The subsequent American descendants became largely illiterate, unable to read and write a native tongue. In some river valleys,

diverse groups did create glyphs on rock.

How does an advanced culture become illiterate? A one-year change in education erases all prior history. In the third grade, with the introduction of math principles such as multiplication tables, cursive writing and reading has been traditionally engrained in young minds. Cursive is the format of all prior English writing.

That is no longer the case. Give instructions or an address written in cursive to a 20-something adult and stand in awe at the consternation. My co-author experienced this with the individual saying I can do this, I can do this, with multiple requests to explain letters.

Although many like me do not write precisely, that is not my co-author. She has as near perfect penmanship and formulation of words as I have ever seen.

I often comment to her as do many others about the symmetry, beauty, and ease of reading for her writing.

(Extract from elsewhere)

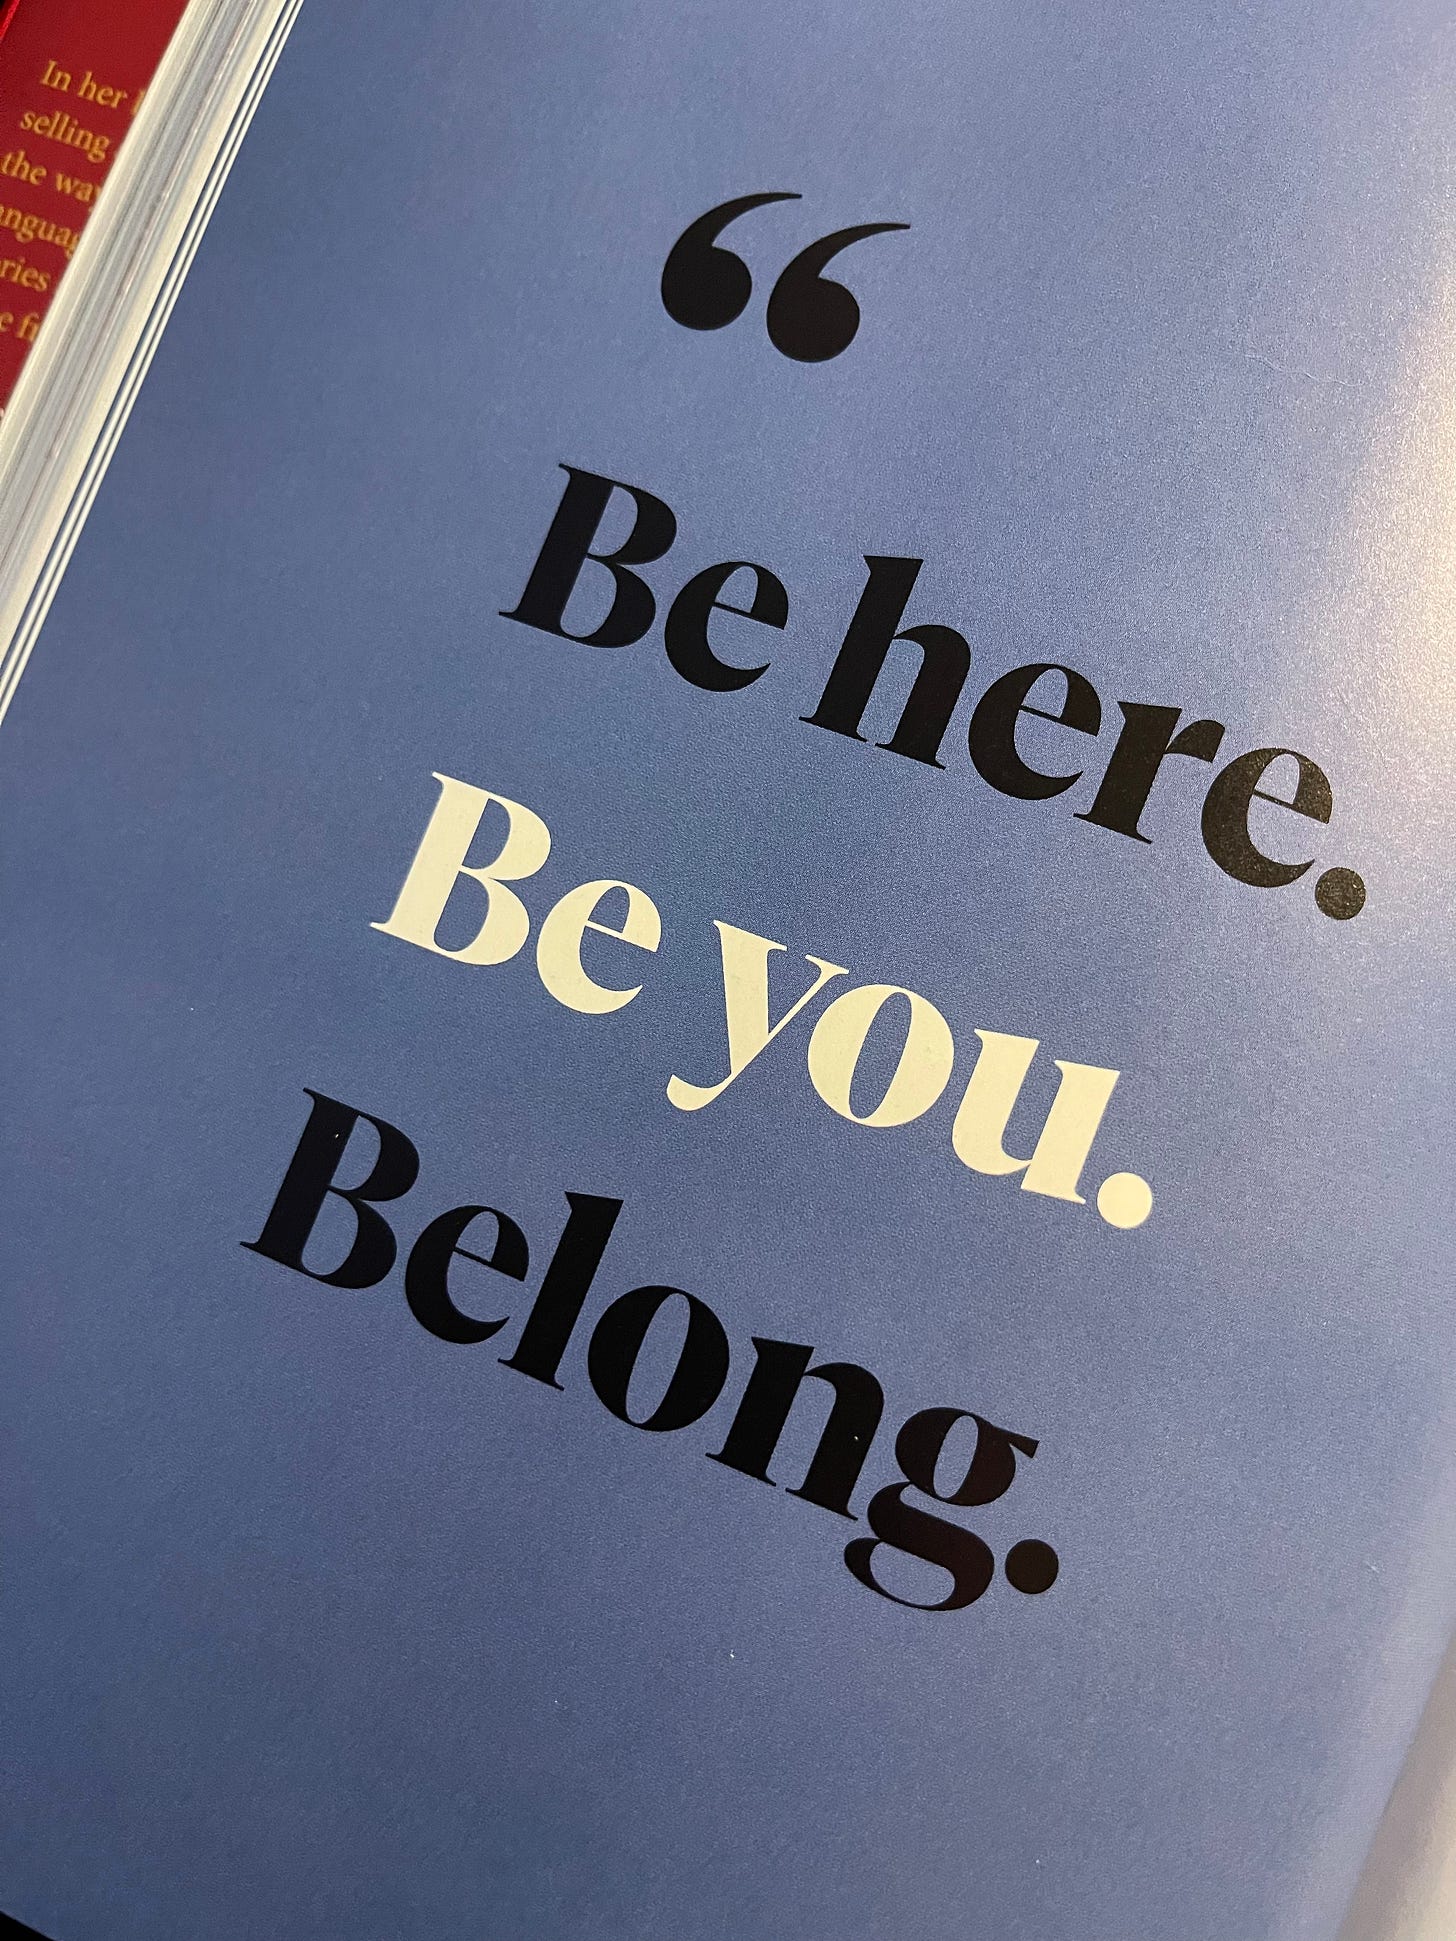 Quote “Be here. Be you. Belong,” p. 164 in Atlas of the Heart by Brené Brown, PhD, MSW, image taken by Mollie Isaacks

Simply by eliminating cursive education, the entire history of mankind no longer exists. The generation of illiterates must rely on someone else to translate Thomas Jefferson and Benjamin Franklin, who were articulate in numerous languages using cursive forms of handwriting.

All early scientific knowledge is in the cursive language form. Einstein’s work is hand-written. Reality is like so many dystopian movies, where the book of survival must be guarded and the older generation is the

only remaining link to escape destruction.

The specious argument is we do not need cursive. Everything is print on a computer.

Does anyone believe all the important works of science, art, and history have been translated from written cursive to ones and zeroes?

History tells us the mistakes humans have made. Do we need to repeat those?

Intelligence and technology are not the same thing. Earlier civilizations were mathematically and scientifically very intelligent, with simpler technology. Technology is a tool. Tools break. Again, consider the dystopian stories.

Think about, is society moving to the place of technology without intelligence, where society cannot read its own language, but must depend on the academic class?

Who can perform the trigonometry or geometry of the Sumerians necessary to make global maps? Does technology mean dismissal of all prior knowledge?